Oh, look, it's a NoSQL article.
Cue the hundreds of Slashdotters who proclaim "Oh, they're reinvented obsolete databases" and "Just wait until they need ACID, then they'll be fucked", the NoSQL blind-faith followers who harp about pure scalability and clustering, and at least a dozen references to an animated video of a retarded strawman saying "webscale" repeatedly.
Somewhere in the depths of poorly-researched comments will be some guy who thinks that NoSQL is a tool that really just might be useful for particular use cases, and should be used where appropriate, and nowhere else. Sadly, his post will be missed because everyone's too busy talking about how everything can be done just as easily on a $500,000 server farm running Oracle's latest and greatest turd.
You do not have a moral or legal right to do absolutely anything you want.
I'm not sure what the point of this "article" is. It is light on actual information or anything useful, it's basically just a few paragraphs that say "a NoSQL database called Mongo stored data in JSON format. This may or may not work for you".
If we're going to have "BI" articles, they should be informative, containing useful information that we couldn't have gathered ourselves in 10 secs of googling.
How about some comparisons between various NoSQL solutions? How about binary access API v/s RESTful approach ala Couch? How about clustering, replication and scalability? How about stability concerns (with Couch, for example). Real world use cases? Examples of companies using them for specific solutions? Performance comparisons with RDBMS's? Problem domains that NoSQL/schema less DB is more suited to than a RDMBS?
I'm not trying to be pointlessly critical here, I'm trying to provide some constructive feedback on the new slashdot BI format. This article wasn't useful to me at all. I'll probably not spend time reading these articles in the future if the content is as light as this article.
Drinking habits can be dangerous. You can choke on the cloth and the nuns will wonder where their clothes are.
I don't know when unstructured data turned into NoSQL or Big Data, but it is a pretty simple concept with complex Enterprise level requirements. I work in this field and have for various companies. The biggest obstacle is conforming to the laws of various jurisdictions and levels of government.
You have unstructured data, but it NEEDS some level of structure. That structure is there to restrict access to certain groups within the organization and also for retention rules, which differ by type of data being stored. Not to mention that you must store certain documents in the country of origin, so structured field-based distributed storage plays a role. Oh yea, laws/policies around encryption and whether or not an index violates those laws/policies.
This doesn't work well with a relational database. Sure, you can jam it into a RDBMS like IBM Content Manager, but it becomes inflexible. However, there are constraints that must be followed and all documents need some kind of structure wrapped around them in a RDBMS-like fashion.
I haven't dove into these NoSQL systems myself. They seem like a good idea, but I hesitate if they are too loose. In an Enterprise with sensitive information, you need to deny first. Also, how do they index the fields? Like when you have 100,000,000 documents with invoice numbers...

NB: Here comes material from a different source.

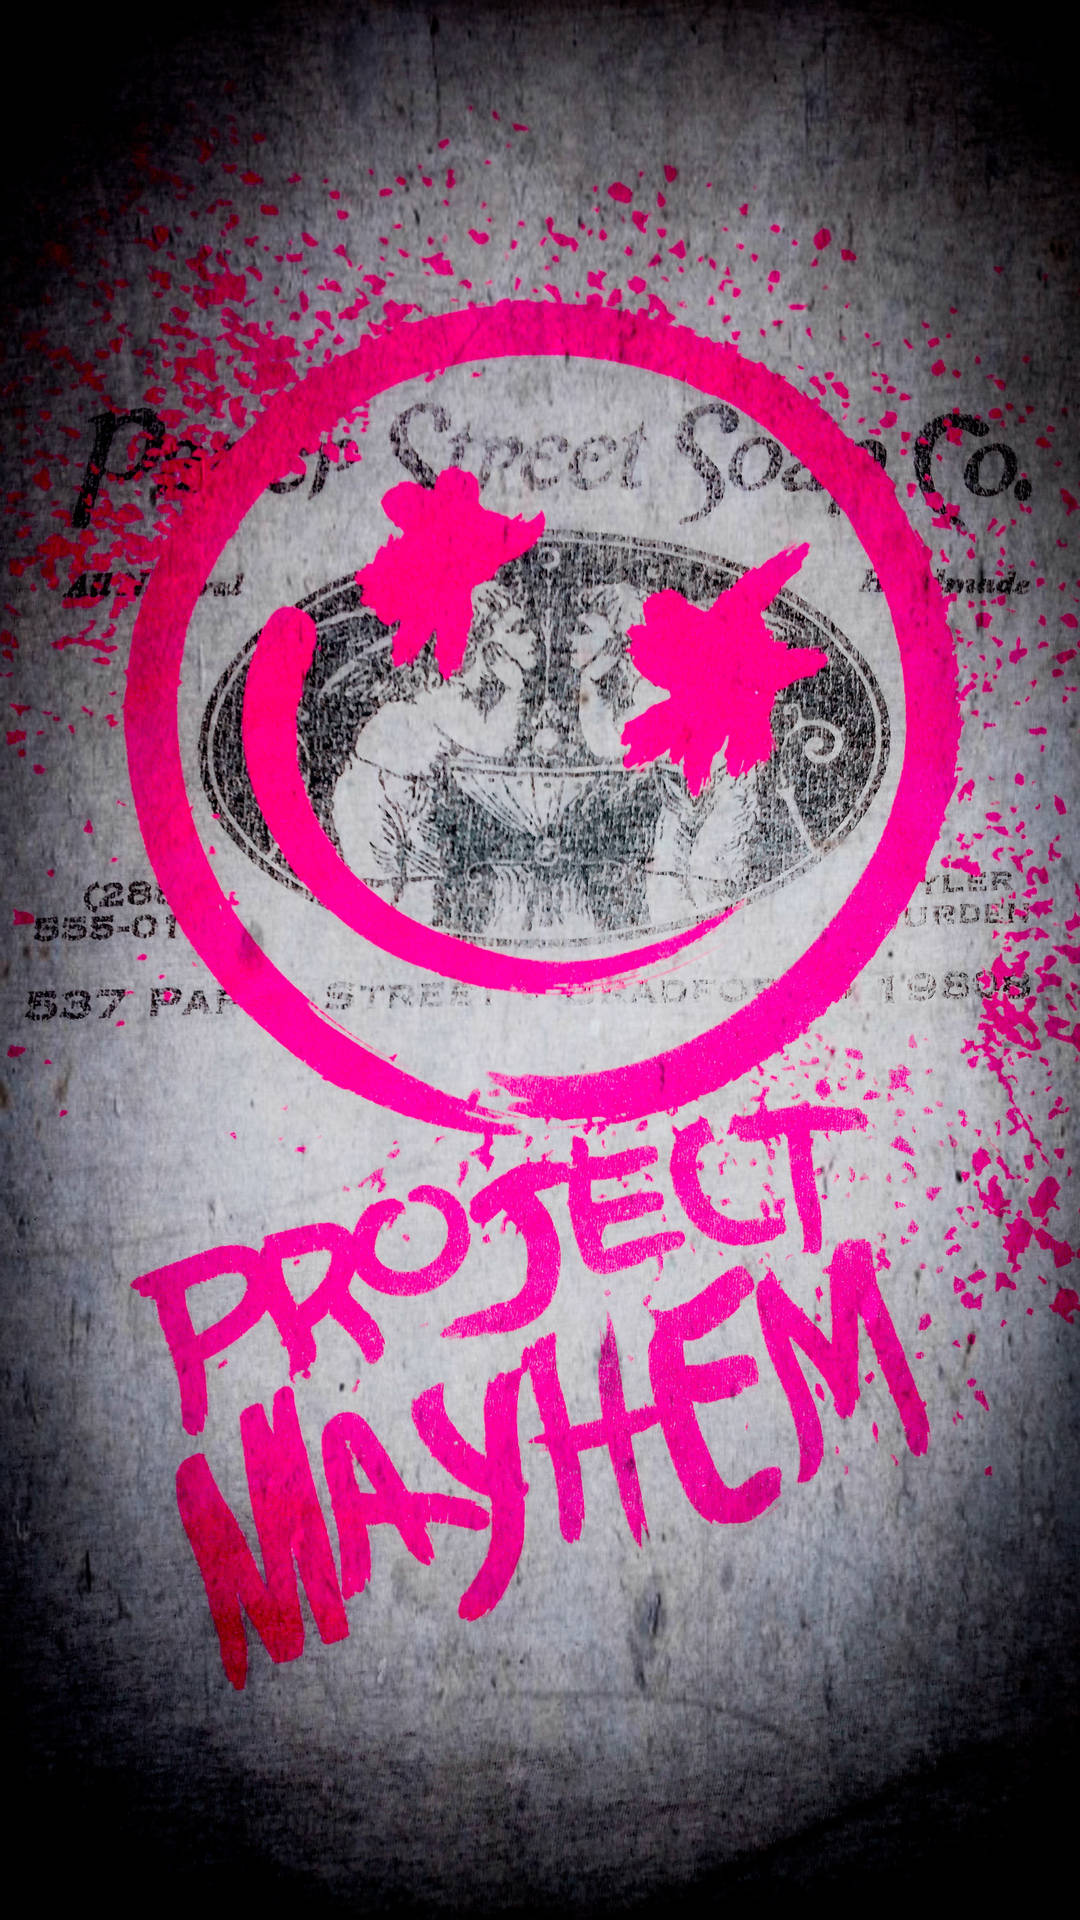 Fight Club Project Mayhem Wallpaper

I read this article with the hope of seeing some of the benifits and drawbacks (as the title implied). No talk of scalability, indexing, speed, etc. I actually feel dumber for having read the article.
The "old old boss" would be the CDF/NetCDF/HDF family of self-describing distributed storage solutions. They predate XML by a long way and are - I believe - the first true self-describing method of storing, indexing and searching data.

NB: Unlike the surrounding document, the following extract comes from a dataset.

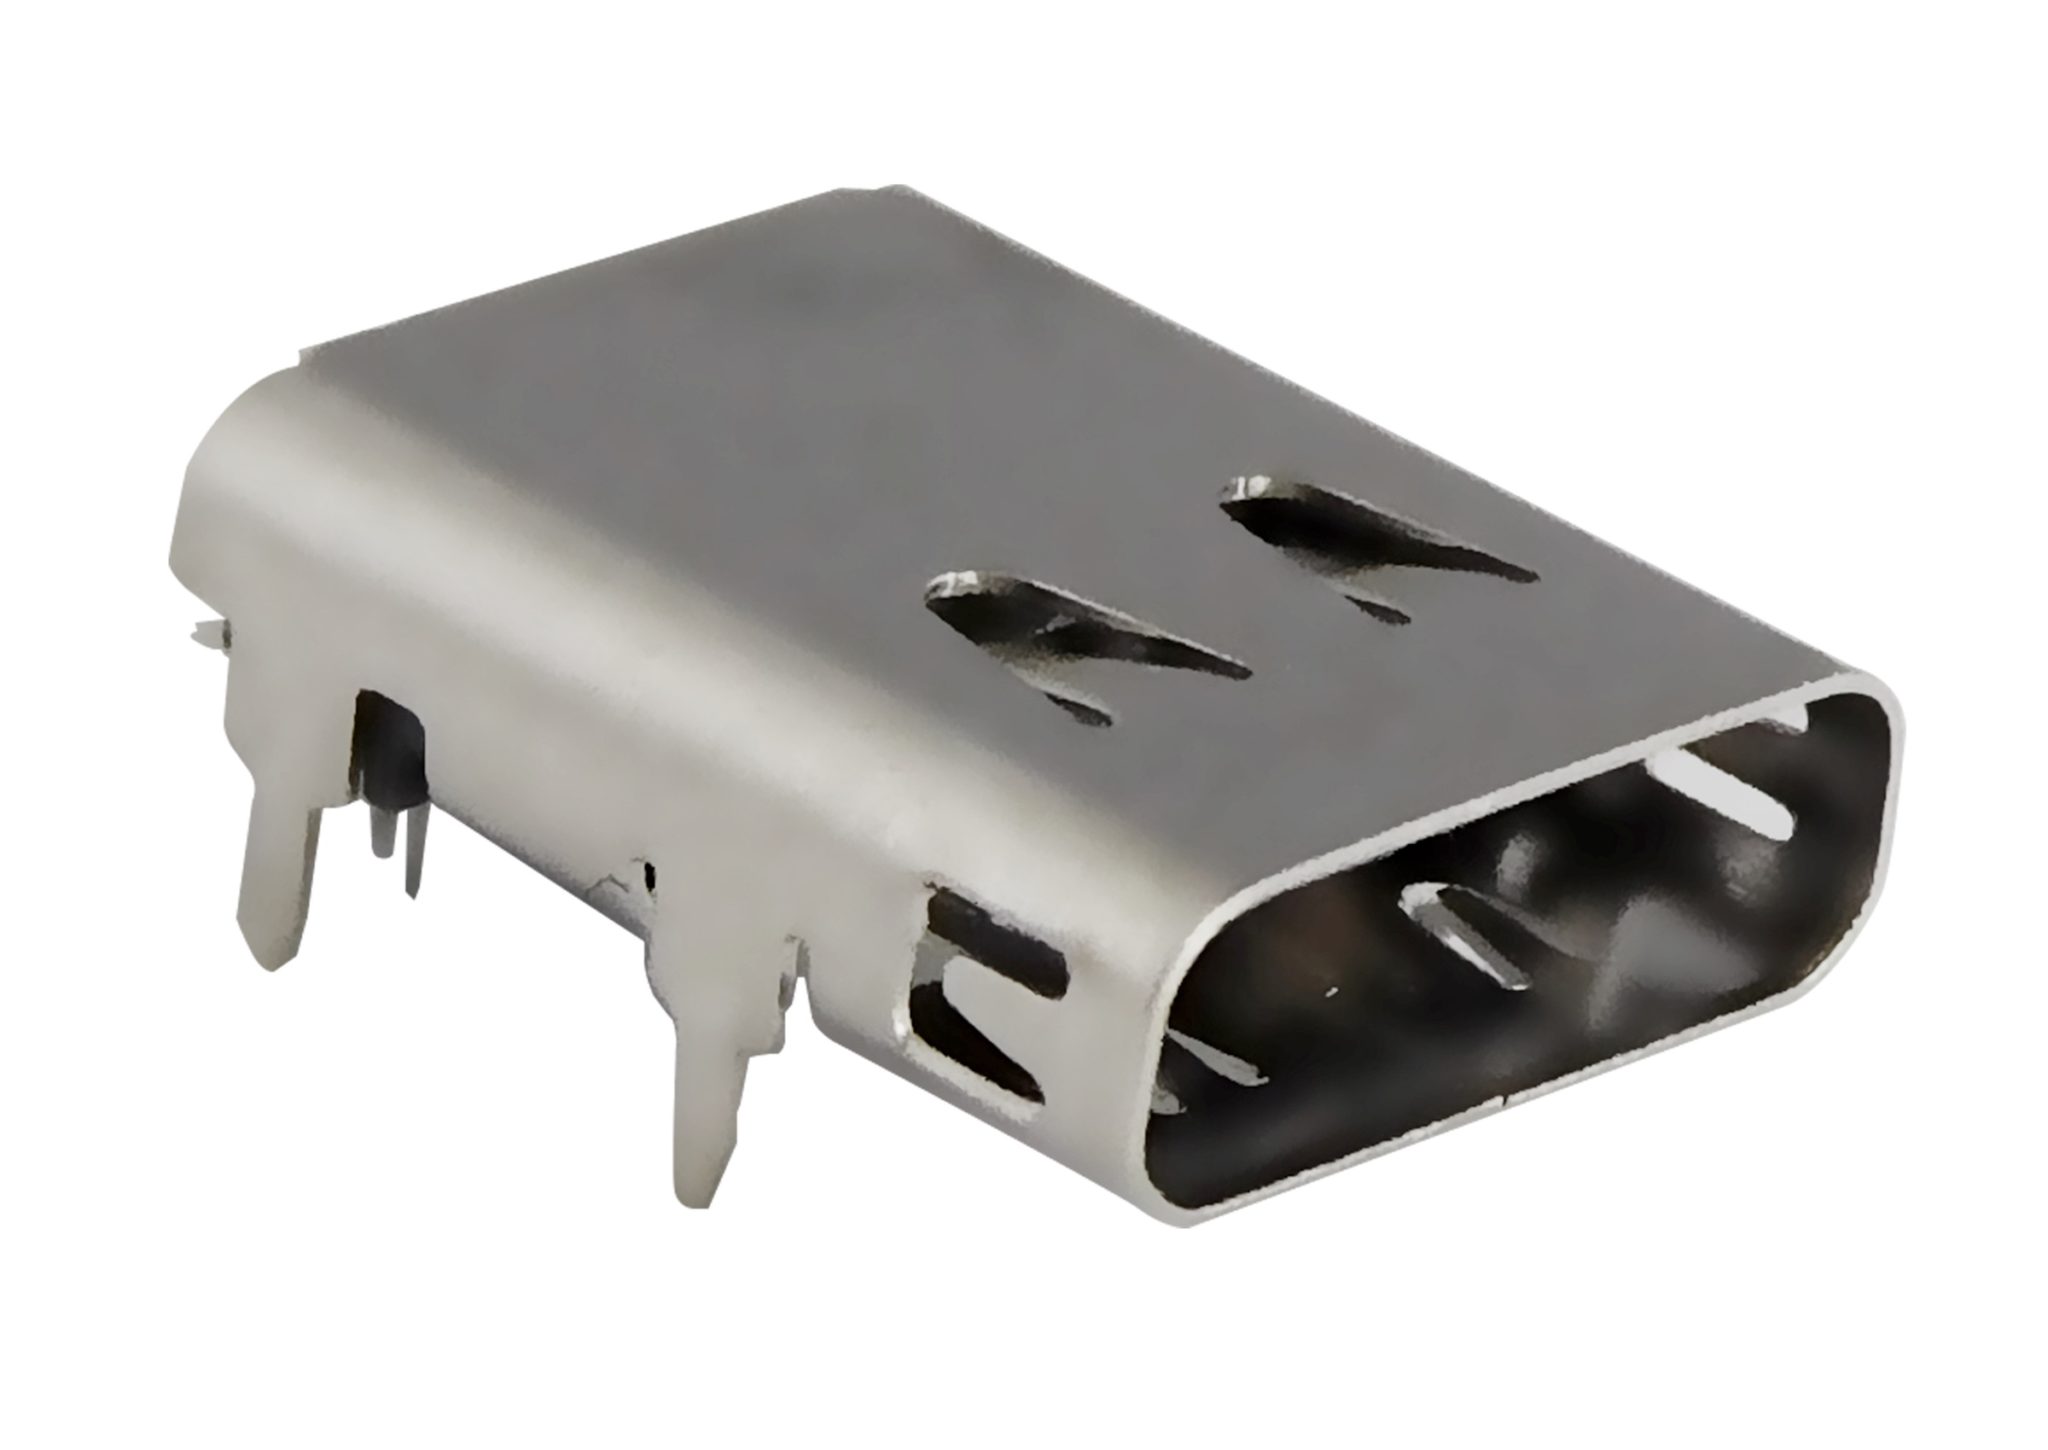 Stewart Connectors robust USB connectors

For the most part, they support network interconnections between instances, so you can have your virtual storage distributed over as many physical systems as you like. The users will never see the difference except in terms of speed. This gives you all the benefit of NoSQL's distributed model (which XML lacks) but with several decades more development in the database design.

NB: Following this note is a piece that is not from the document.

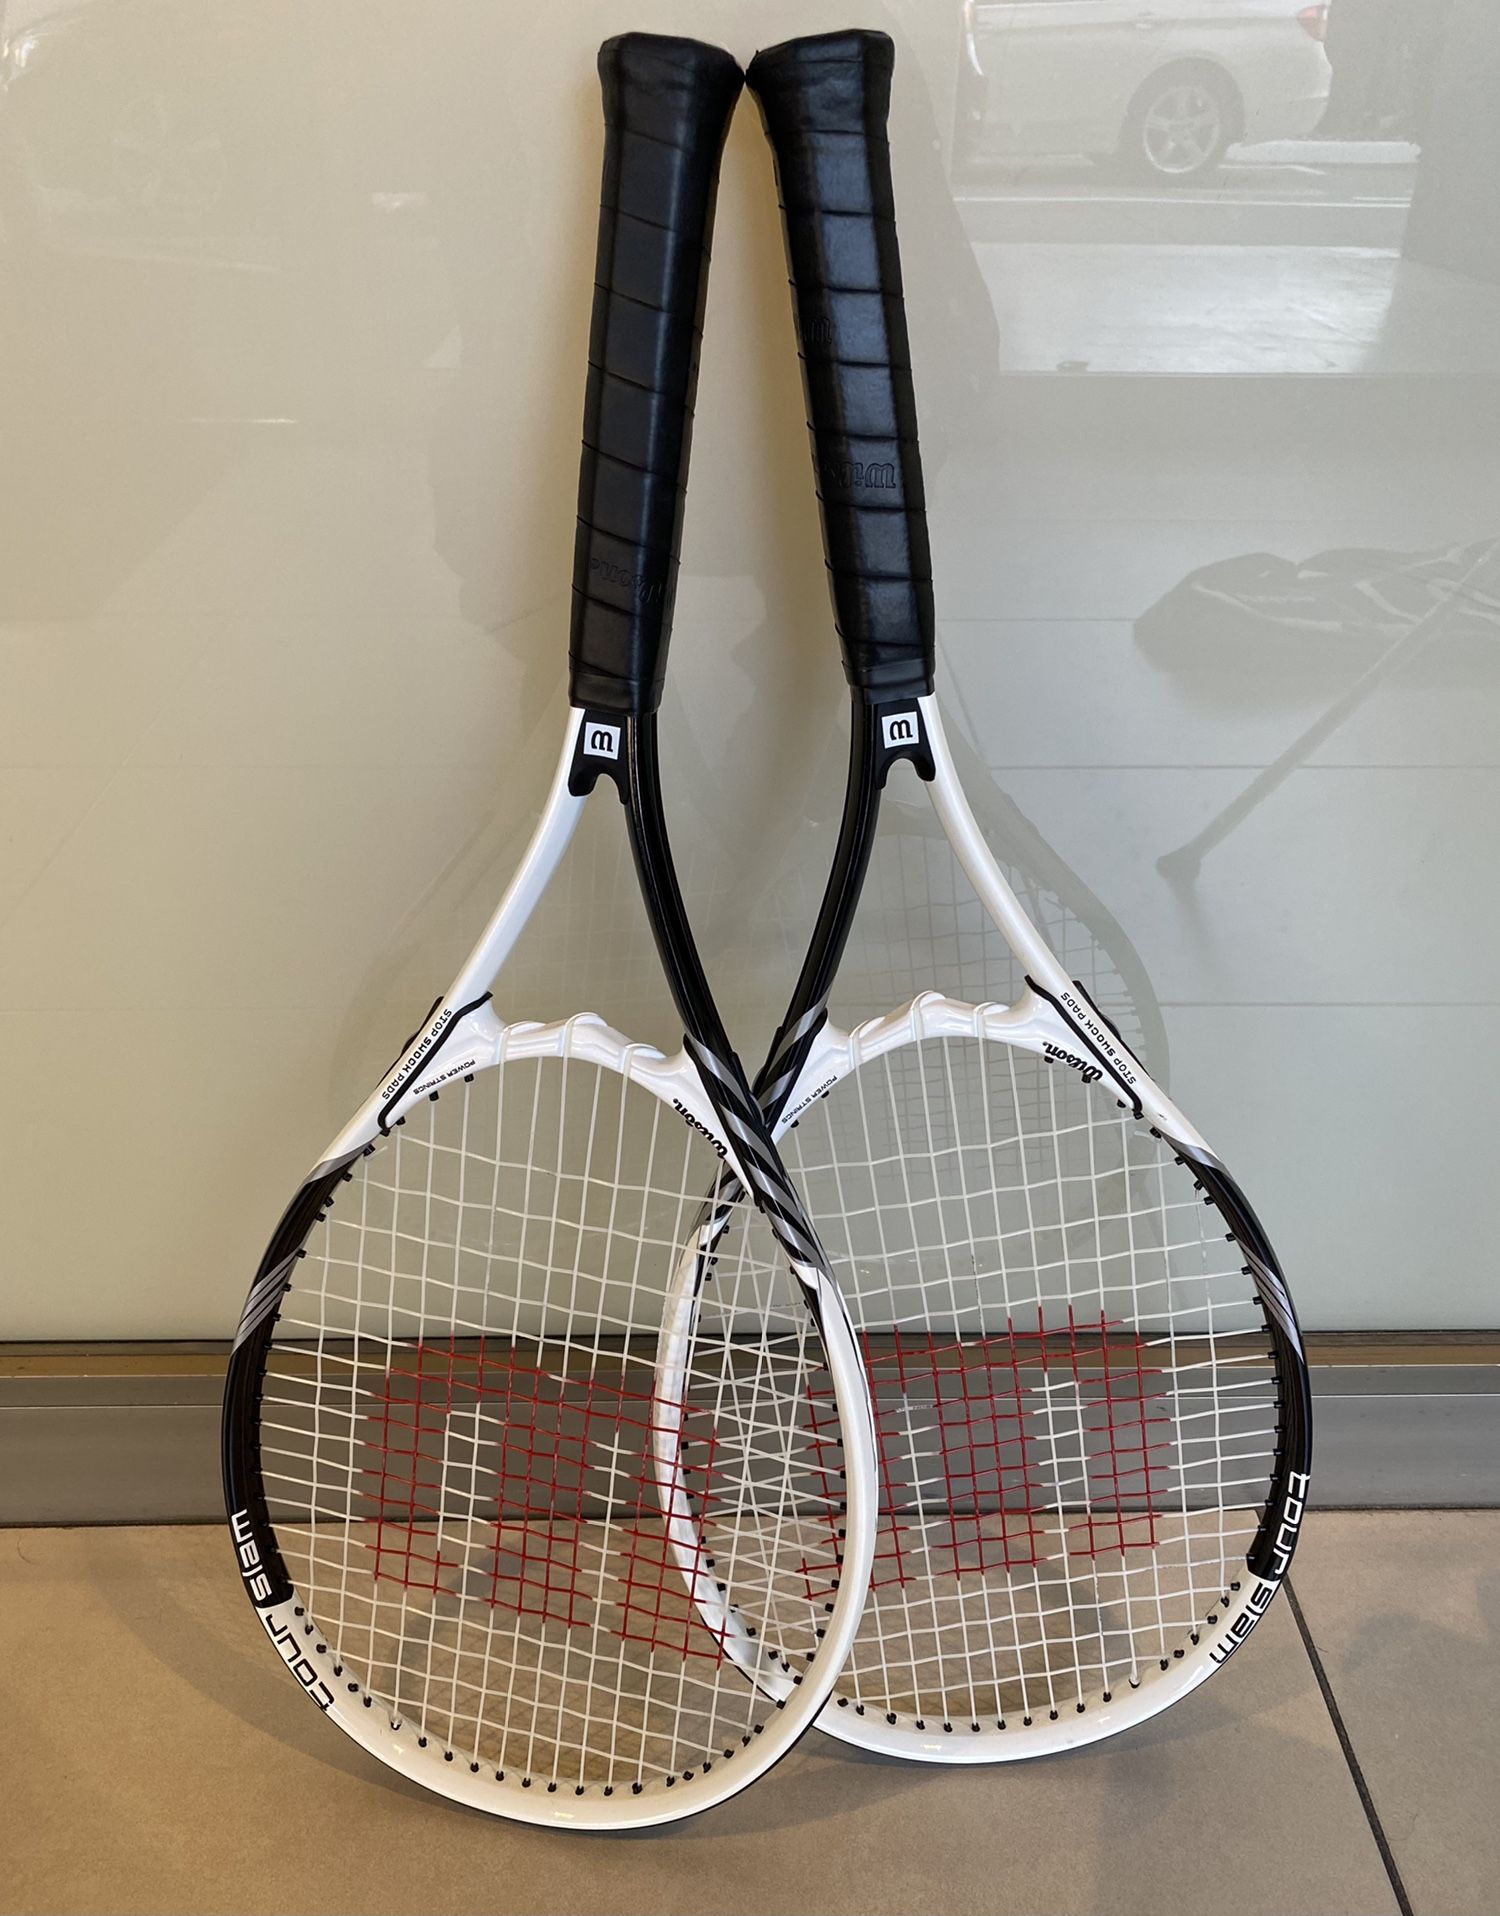 Wilson Tennis Rackets (Set of 2) New!!!

But wait! There's more! If you order in the next gazillion years, you get OpENDAP absolutely free! (Which it is anyway.) OpENDAP will translate between any two data formats, so if one site wants to view the data as, say, a conventional database, another wants to look at it as a collection of spreadsheets and a third is expecting XML data, you'd have OpENDAP translate between client form and central repository form.
I have no objections to Mongo or Memcache, they're very powerful and are very useful, but we're still ultimately talking about technology everyone else has had since 1985, thanks be to NASA, and many NoSQL technologies are really just network-aware versions of the DBM/NDBM/BDB/GDBM/QDBM family which have existed since Unix began.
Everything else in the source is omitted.